Can anyone actually imagine a fully adult human being created shazam! with a complete personality, a will, predetermined knowledge like a preloaded computer with no continuity of being in mind, memory, instinct, and yet fully capable of making immortality destroying decisions?

Curiously enough, David Braine argues that continuity of the kind you discuss is evidence of God's existence: The Reality of Time and the Existence of God: The Project of Proving God's Existence. Furthermore, you're always going to need a "shazam!", whether it's Lawrence Krauss' "nothing" which really isn't "nothing", but then becomes "something", or some other theory where there wasn't, and then shazam! there was.
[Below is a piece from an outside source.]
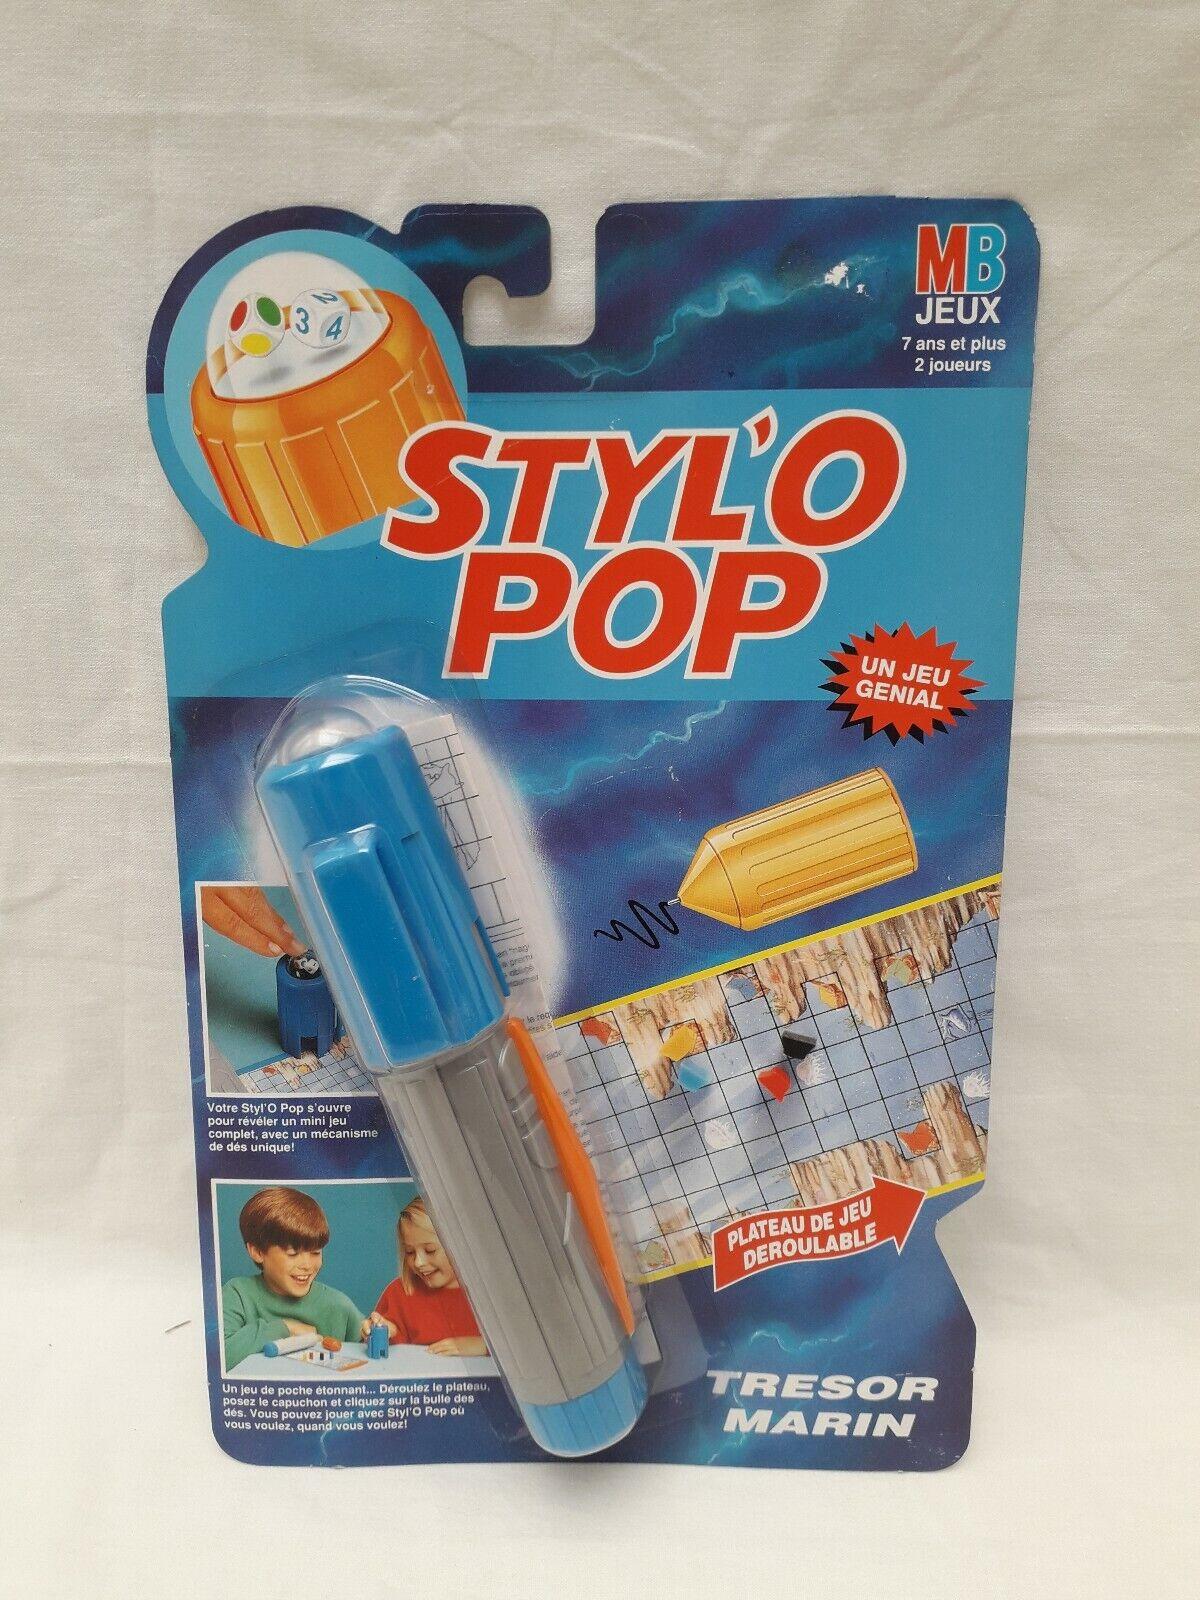 Styl'O Pop Trésor Marin MB jeux Neuf sous blister Vintage 1992 Stylo no Astujeux

Anything else opens you up to infinite regress, rampant unfalsifiability, or both.

Now, I would argue on grounds of rationality and comprehensibility that it is better for things to happen gradually, under the care of God or a secondary cause. I like C.S. Lewis' idea about Lucifer being an archon who failed to do his duty for Earth, thus making it "The Silent Planet". But you're going to have to get discontinuity somewhere, unless you want to say that there is no true change.
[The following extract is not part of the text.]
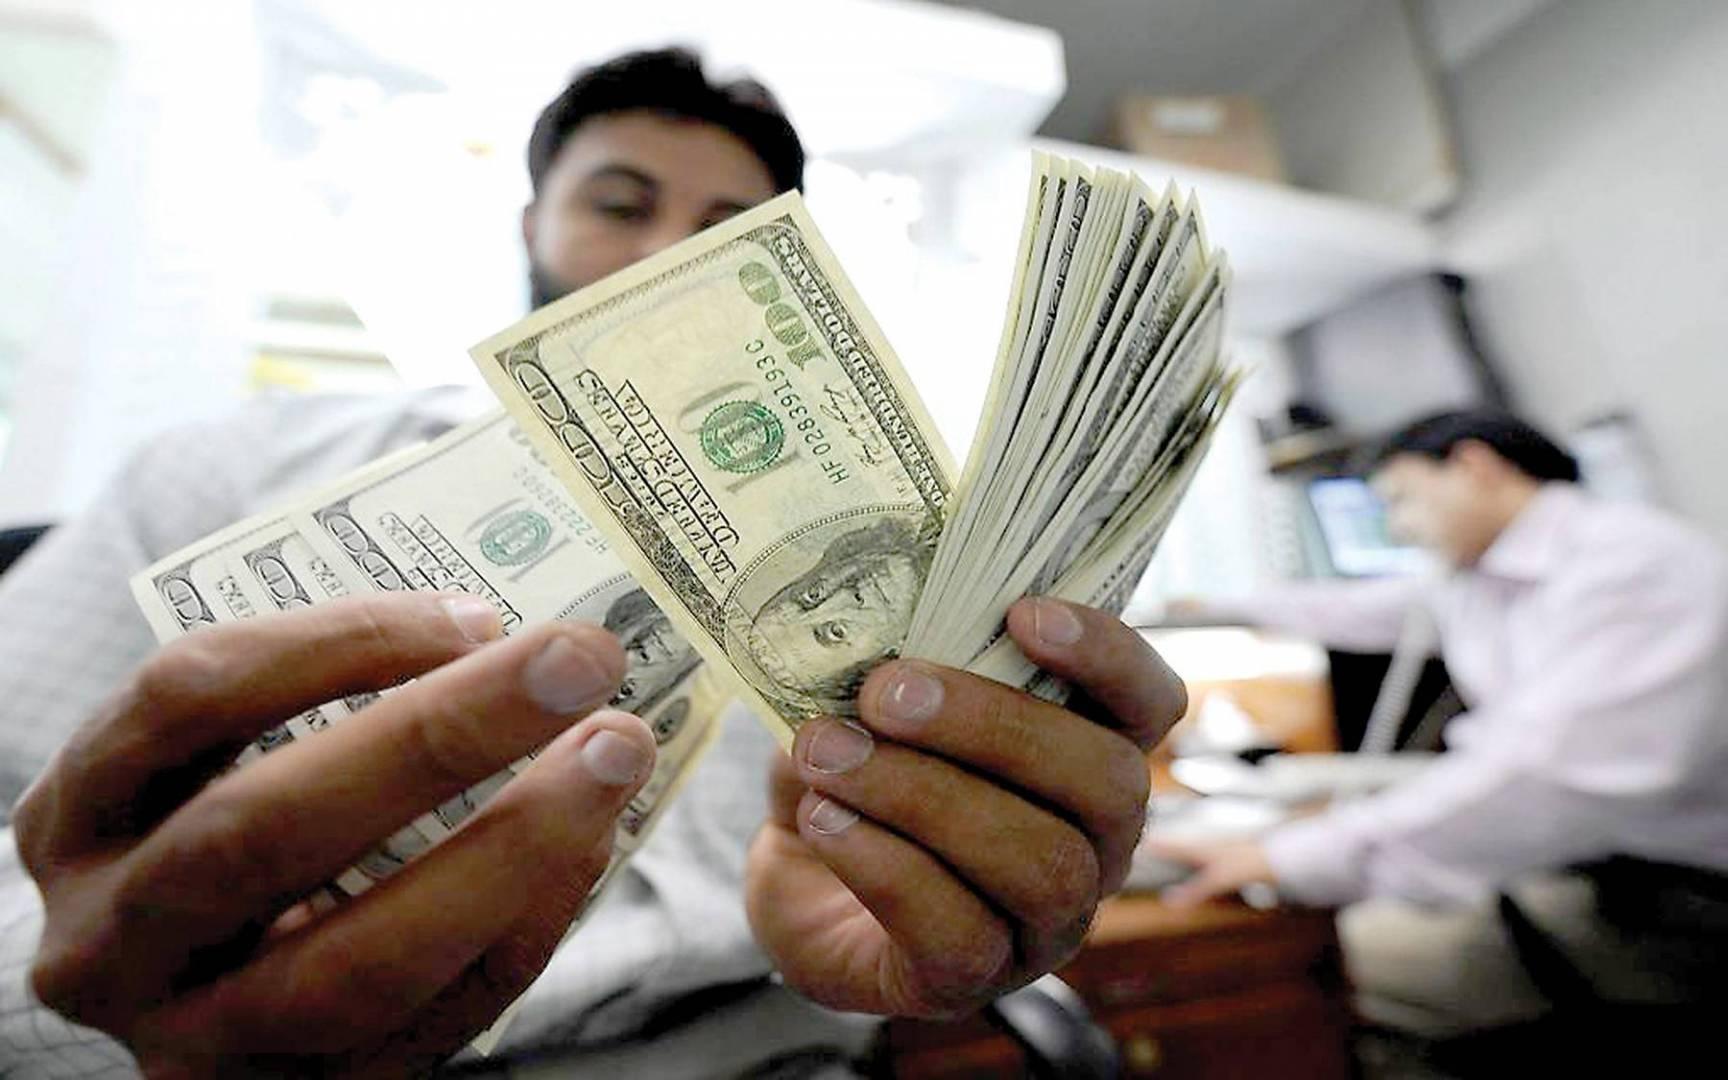 تحويلات الجالية الفلبينية من الكويت تسجل 676.94 مليون دولار

Y'know, Mark Butterworth, I think you need to take "rant" mode off your computer.

As I've said to multiple people on this thread: I'm not going to argue _here_ that man is special and is in the image of God. I was writing _to_ people who grant that fact. In non-religious terms (human specialness, human exceptionalism) it is quite obvious to common sense. The real absurdity is taking man to be nothing more than a highly developed animal. Moreover, if one takes man to be such, one undermines the natural light and, if one resolves the cognitive dissonance in the "just a highly developed animal" direction, one abandons any reason not to go Peter Singer's route. My point was to show that those who _do_ affirm human value and human equality (which John H. Walton does) should not be so casual about accepting full-scale human evolution. That was all.

Now, stop the contentless ridicule and purely personal attack, or I will start deleting your comments. And I mean that.